As for our poet Grubb, all that we can learn further of him, is contained in a few extracts from the University Register, and from his epitaph. It appears from the former that he was matriculated in 1667, being the son of John Grubb, "de Acton Burnel in comitatu Salop. pauperis." He took his degree of Bachelor of Arts, June 28, 1671: and became Master of Arts, June 28, 1675. He was appointed Head Master of the Grammar School at Christ Church; and afterwards chosen into the same employment at Gloucester, where he died in 1697, as appears from his monument in the church of St. Mary de Crypt in Gloucester, which is inscribed with the following epitaph:

H. S. E.

JOHANNES GRUBB, A. M.

Natus apud Acton Burnel in agro Salopiensi Anno Dom. 1645.

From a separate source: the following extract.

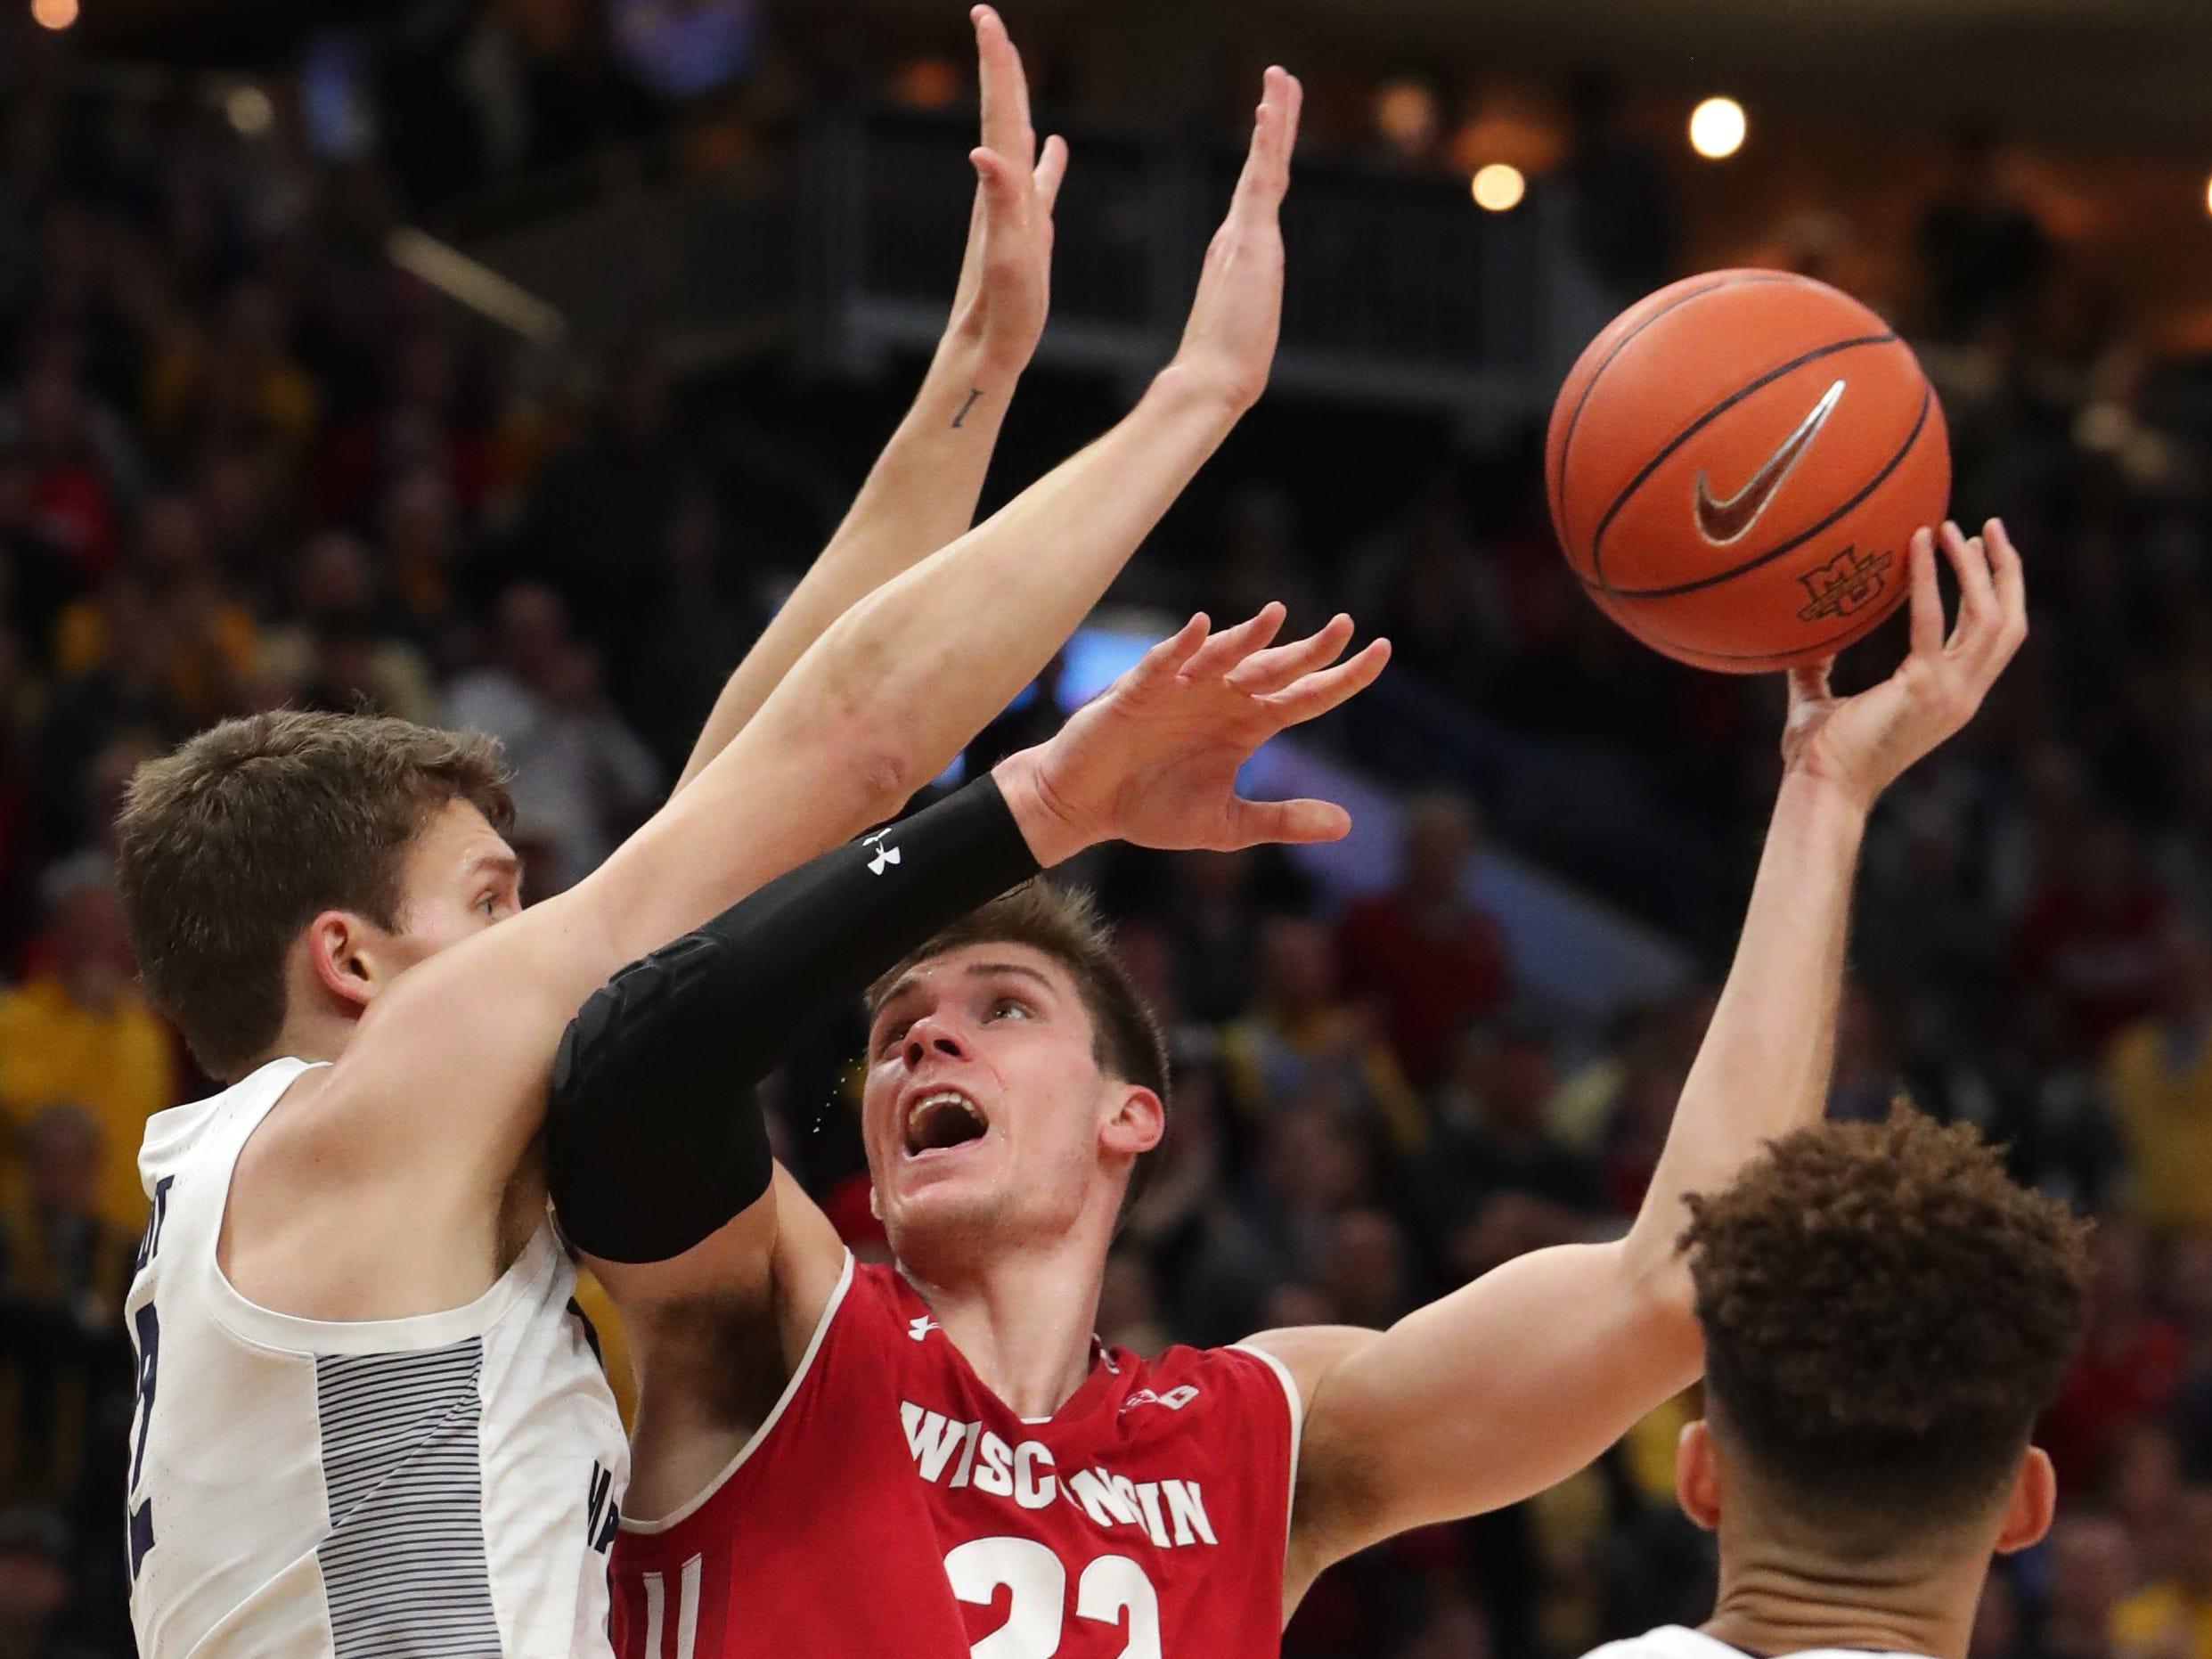 Wisconsin forward Ethan Happ (22) is tested by Marquette center Matt Heldt.

Cujus variam in linguis notitiam, et felicem erudiendis pueris industriam, gratâ adhuc memorià testatur Oxonium. Ibi enim Ædi Christi initiatus, artes excoluit:

Pueros ad easdem mox excolendas
accuratè formavit:

Huc demum

unanimi omnium consensu accitus,
eandem suscepit provinciam,
quam feliciter adeo absolvit,
ut nihil optandum sit

nisi ut diutius nobis interfuisset?
Fuit enim

propter festivam ingenii suavitatem, simplicem morum candorem, et præcipuam erga cognatos benevolentiam omnibus desideratissimus,

Obiit 2do die Aprilis, Anno D'ni, 1697, Etatis suæ 51.

XVI.

MARGARET'S GHOST.

This ballad, which appeared in some of the public newspapers in or before the year 1724, came from the pen of David Mallet, Esq. who in the edition of his poems, 3 vols. 1759, informs us that the plan was suggested by the four verses quoted above in page 225, which he supposed to be the beginning of some ballad now lost.

"These lines, says he, naked of ornament and simple as they are, struck my fancy; and bringing fresh into my mind an unhappy adventure much talked of formerly, gave birth to the following poem, which was written many years ago."

The two introductory lines (and one or two others elsewhere) had originally more of the ballad simplicity, viz.

"When all was wrapt in dark midnight,
And all were fast asleep," &c.

The name of St. George's sword.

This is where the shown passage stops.